Making the semi-finals in a tourney where there's only 6-8 actual contender national teams is not a big accomplishment.


----------



## Drij

Because the sedins suck.


----------



## Brun0

so many excuses, maybe there are just not as good as swedes them self hype them?


swedes like explain one player here or there.


The best team was chosen, face the facts like all others do too 

Id sweden wins gold they have always over achieved


----------



## Brew

Just a team with no finish.


----------



## NyQuil

Nithoniniel said:


> Looking at how Sweden was coached and the systems in use, it seemed as if they were trying to cover for a weak defense by demanding more from solid two-way forwards. Not exactly ideal when you have world class defense and a sub-par forward group.
> 
> With guys like Karlsson, Hedman and OEL, you want to give them as many opportunities as possible to assert themselves on the game while your forwards adapt and cover for them. Instead our guys were asked to play it safe and not take chances until they get back pressure, which is essentially just making the D-mans ability less of a factor by reliance on team play.
> 
> Canada does something similar, but it makes sense for them because their great defense can just give stability for their extremely strong forward group. Sweden _needed_ our defense to be a difference maker, and coaching made it a non-factor instead.

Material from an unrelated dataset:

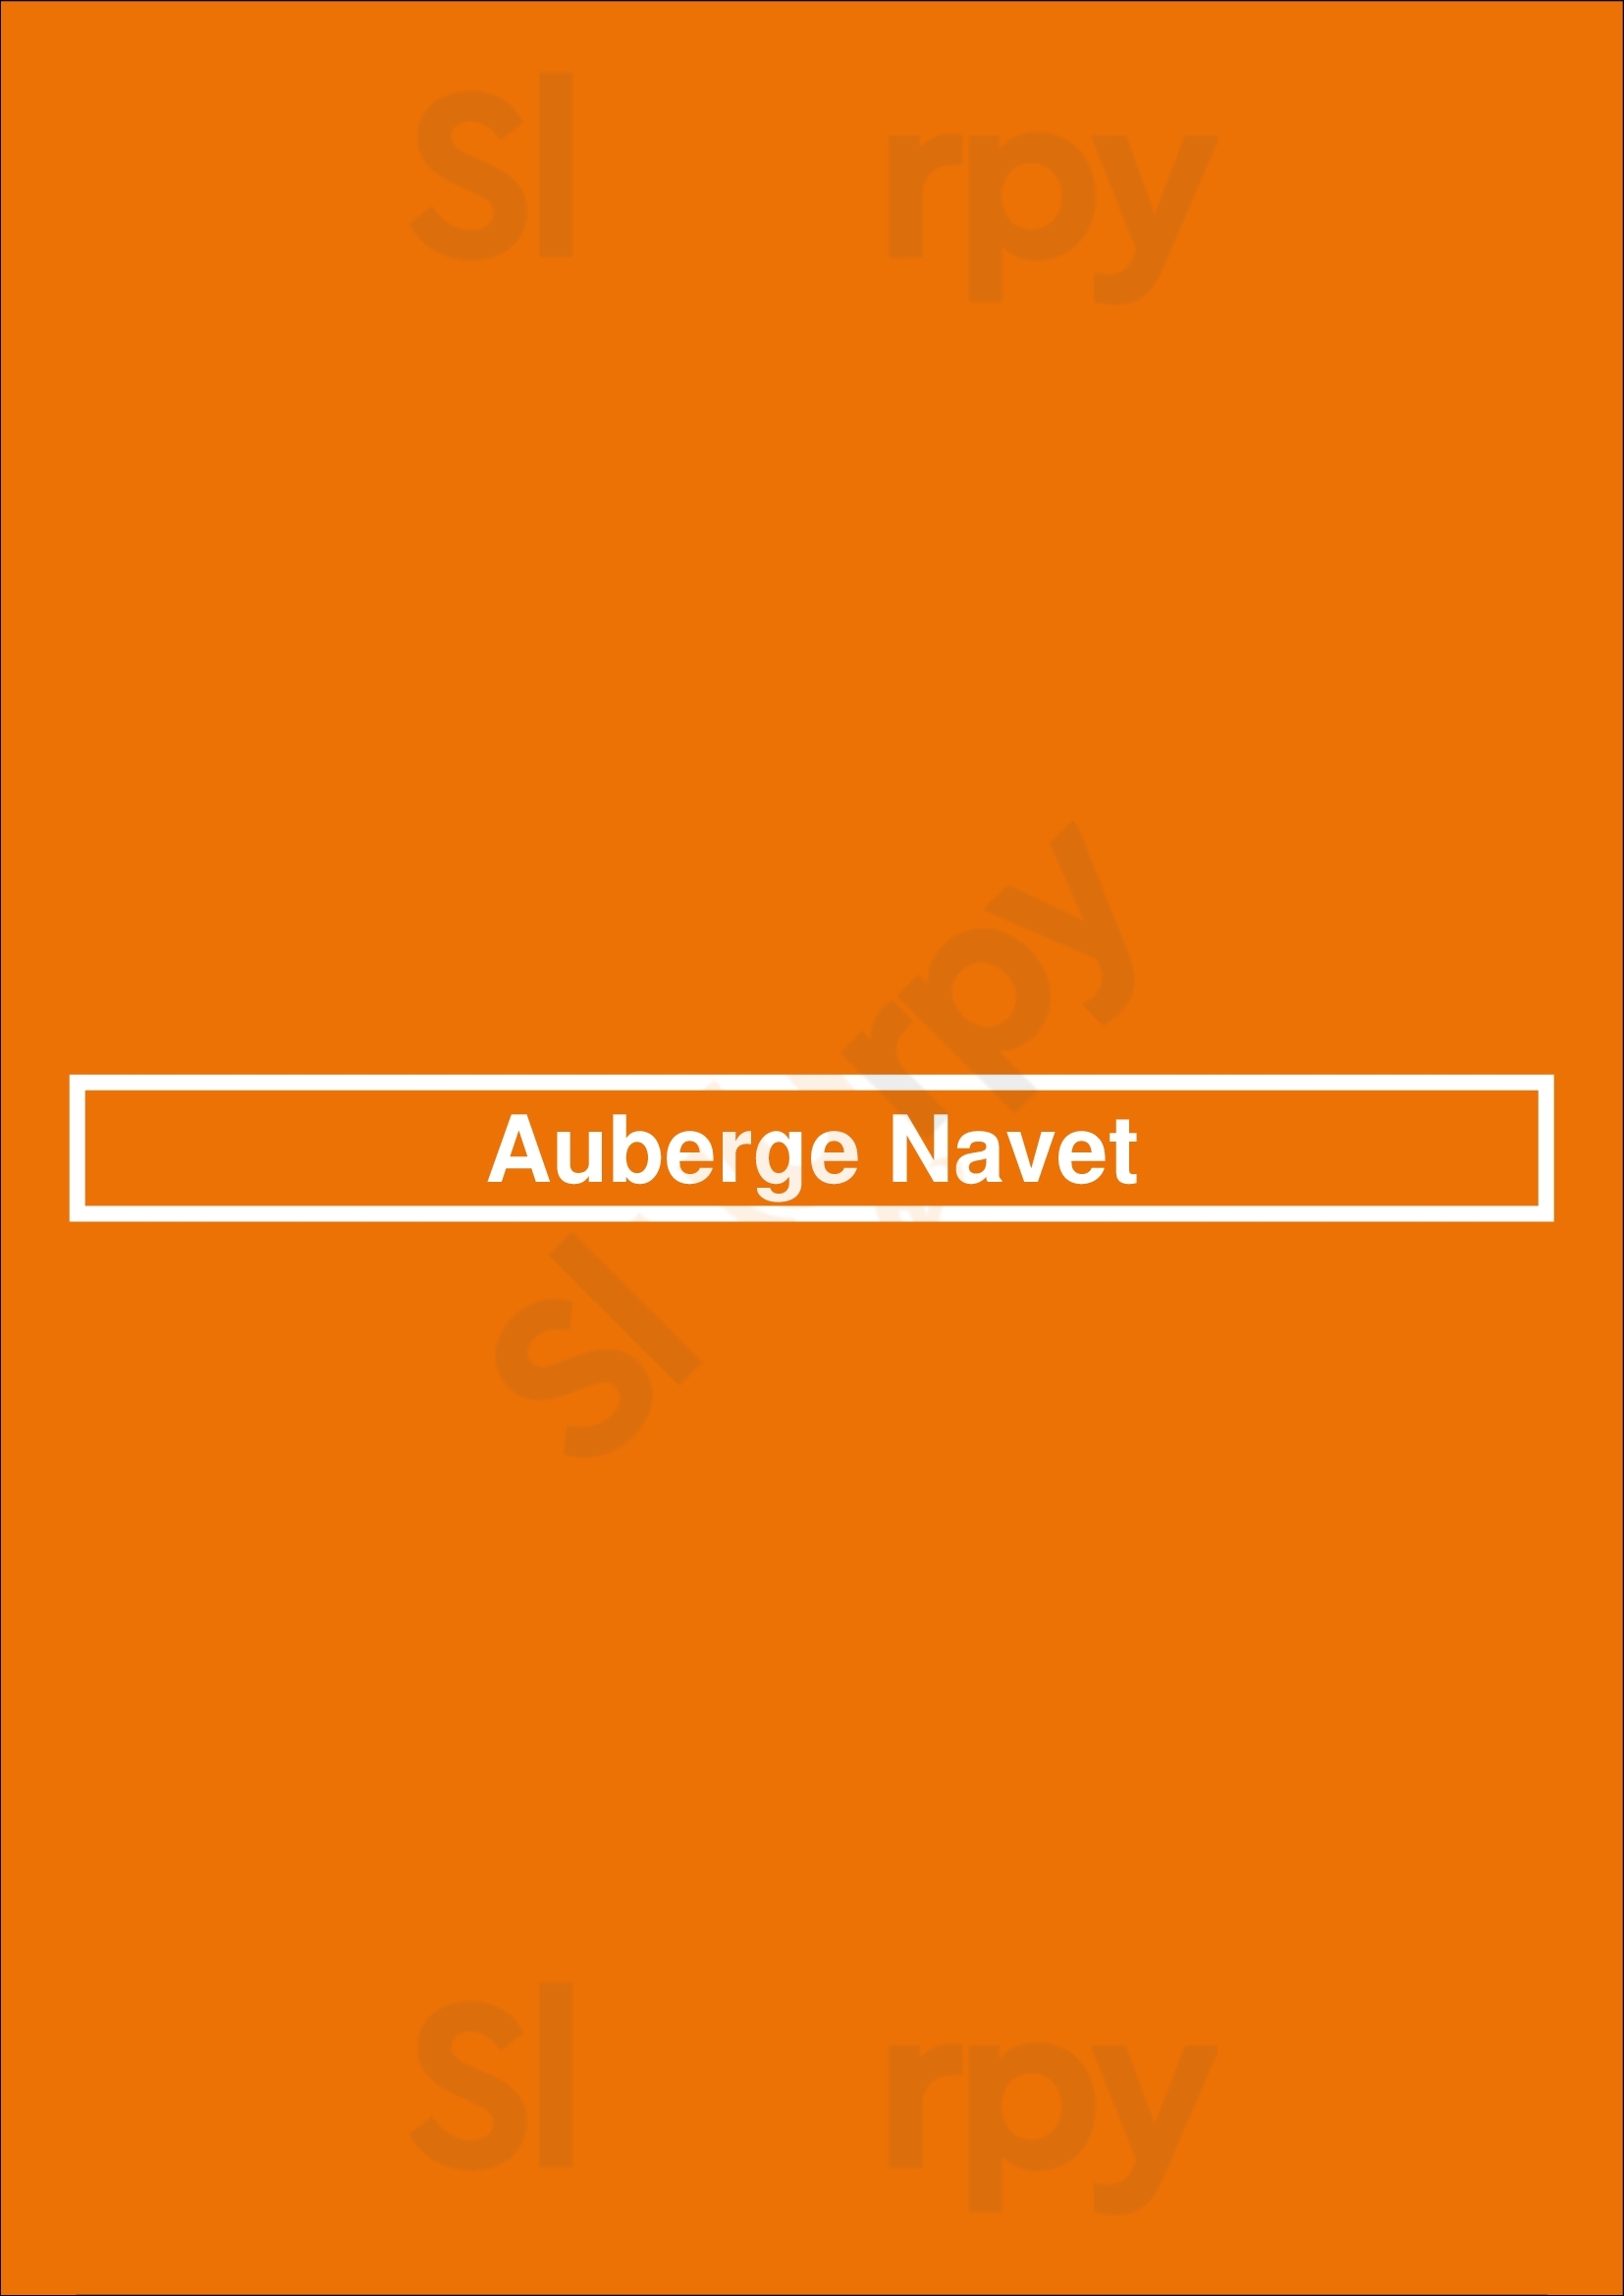 Auberge Navet Apeldoorn Menu - 1

I think this is a great point.

Sweden employs the same system no matter who is on the team and what is going on in terms of the game.

Meanwhile, Canada chooses the personnel that fits the system. No one denies that Subban and Letang are world class players but the team brass opted for safety on the back end to complement the heavy offensive talent up front.

There's a degree of conservative tactics in Swedish hockey which you can't really pin on the players who excel in leading roles on their NHL teams.

Europe seems to be the exact opposite - where the team and the system are very complementary.


----------



## LiveeviL

JackSlater said:


> This is not tangible or anything, but I find that Swedish teams don't have a great mentality. They kind of play the same way regardless of what is happening. Not the killer instinct to put teams away, and not a lot of push back when trailing. Canada and Russia do a much better job in this regard. Just an observation.




In that perspective I can agree, but I just think that it is a lack of individuals. With Sundin and P. Forsberg it was different. 

On a side note, I do think that Sweden always (i.e. since I started watching the national team) has had a great mentality when it comes to acting as a team and ,most importantly not throwing the game when odds are stacking up during game (I think both Canada and esp. Russia are more prone to that).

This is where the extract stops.